因AF有理，FK有理，BF有理，故BK有理。弧ACG等于弧ADG，且弧ABC等于弧AED，故余弧CG等于GD。连接AD，得角L为直角，CD为CL的二倍；同理角M为直角，AC为CM的二倍。

But the square on KF is rational, for the diameter is rational; therefore the square on MK is also rational; therefore MK is rational And, since BF is quadruple of FK, therefore BK is five times KF; therefore the square on BK is twenty-five times the square on KF. But the square on MK is five times the square on KF; therefore the square on BK is five times the square on KM; therefore the square on BK has not to the square on KM the ratio which a square number has to a square number; therefore BK is incommensurable in length with KM. [X. 9] And each of them is rational. Therefore BK, KM are rational straight lines commensurable in square only. But, if from a rational straight line there be subtracted a rational straight line which is commensurable with the whole in square only, the remainder is irrational, namely an apotome; therefore MB is an apotome and MK the annex to it. [X. 73] I say next that MB is also a fourth apotome. Let the square on N be equal to that by which the square on BK is greater than the square on KM; therefore the square on BK is greater than the square on KM by the square on N.

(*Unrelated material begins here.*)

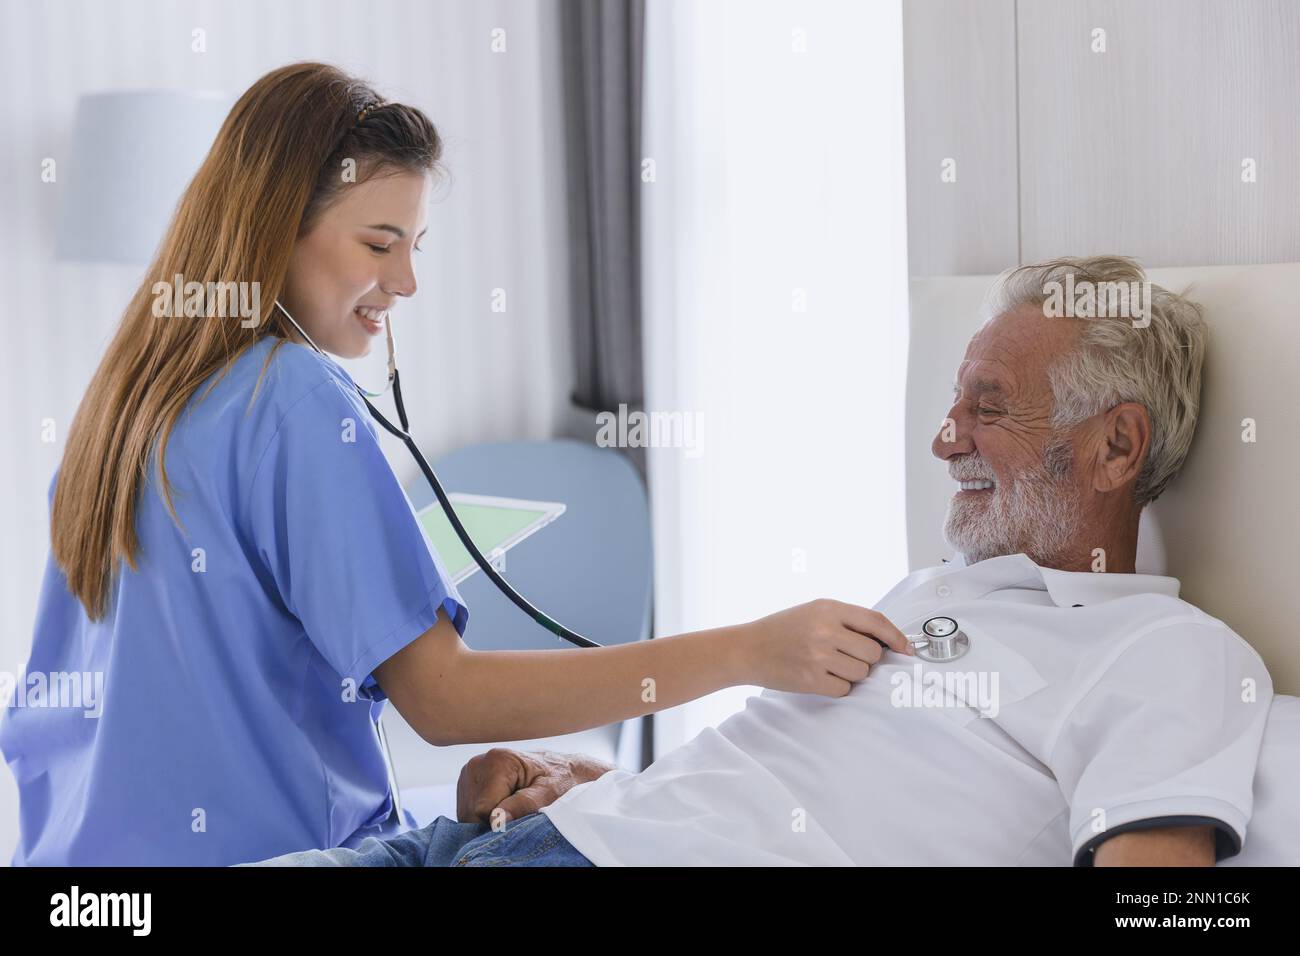 Nurse doctor working at home care medical checkup healthy elderly senior male happy smile Stock Photo

三角形ACL与AMF等角，故LC:CA=MF:FA。取二倍前项，得2LC:CA=2MF:FA；又2MF:FA=MF:FA/2，故2LC:CA=MF:FA/2。取半后项，得2LC:CA/2=MF:FA/4。因DC=2LC，CM=CA/2，FK=FA/4，故DC:CM=MF:FK。合比得(DC+CM):CM=MK:KF，平方得(DC+CM)^2:CM^2=MK^2:KF^2。

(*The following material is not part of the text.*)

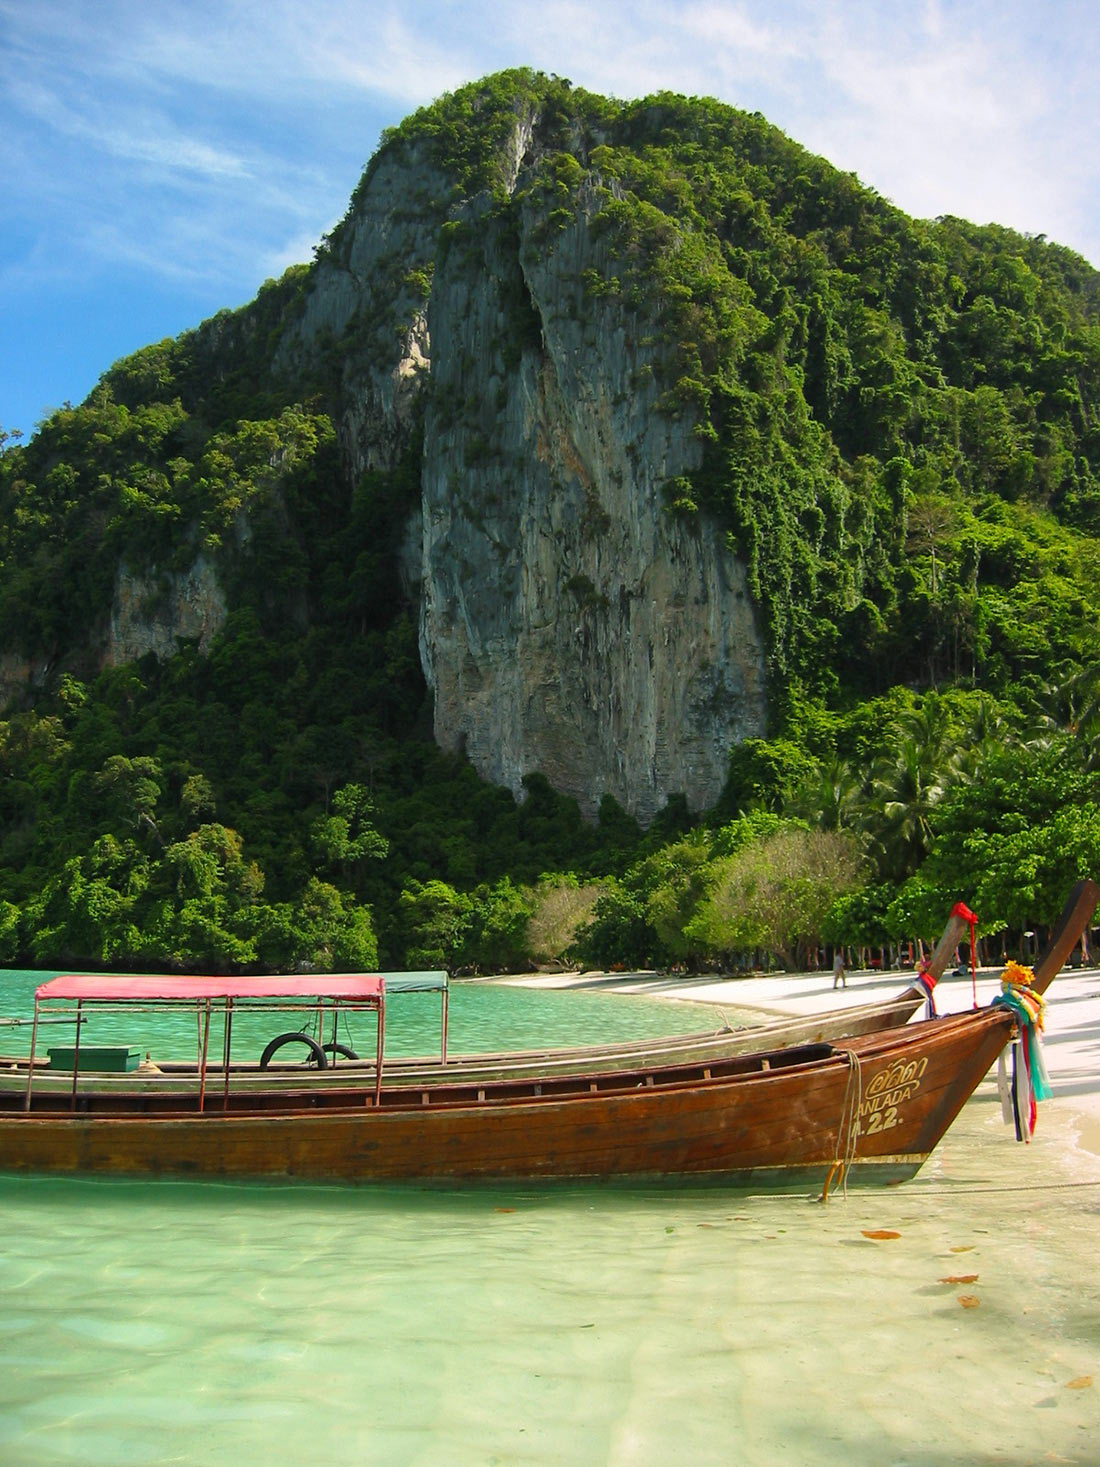 Longtail boat on Phi Phi

And, since KF is commensurable with FB, componendo also, KB is commensurable with FB. [X. 15] But BF is commensurable with BH; therefore BK is also commensurable with BH. [X. 12] And, since the square on BK is five times the square on KM, therefore the square on BK has to the square on KM the ratio which 5 has to 1. Therefore, convertendo, the square on BK has to the square on N the ratio which 5 has to 4 [V. 19, Por.], and this is not the ratio which a square number has to a square number; therefore BK is incommensurable with N; [X. 9] therefore the square on BK is greater than the square on KM by the square on a straight line incommensurable with BK. Since then the square on the whole BK is greater than the square on the annex KM by the square on a straight line incommensurable with BK, and the whole BK is commensurable with the rational straight line, BH, set out, therefore MB is a fourth apotome. [X. Deff. III. 4] But the rectangle contained by a rational straight line and a fourth apotome is irrational, and its square root is irrational, and is called minor. [X. 94] But the square on AB is equal to the rectangle HB, BM, because, when AH is joined, the triangle ABH is equiangular with the triangle ABM, and, as HB is to BA, so is AB to BM.

由XIII.8，AC被中末比分割，大段等于边DC；由XIII.1，大段加半整段之平方为半整段平方的五倍，故(DC+CM)^2=5CM^2。因此MK^2=5KF^2。KF^2有理，故MK^2有理，MK有理。又BF=4FK，故BK=5KF，BK^2=25KF^2，而MK^2=5KF^2，故BK^2:MK^2=5:1，非平方数比，故BK与KM长度不可公度，两者均为有理线段，仅平方可公度。由X.73，MB为余线，MK为附加线。又BK^2比KM^2大N^2，且BK与有理线段BH可公度，故MB为第四余线。由X.94，有理线段与第四余线所成矩形之平方根为无理线，称为次线。而AB^2=HB·BM，故AB为次线。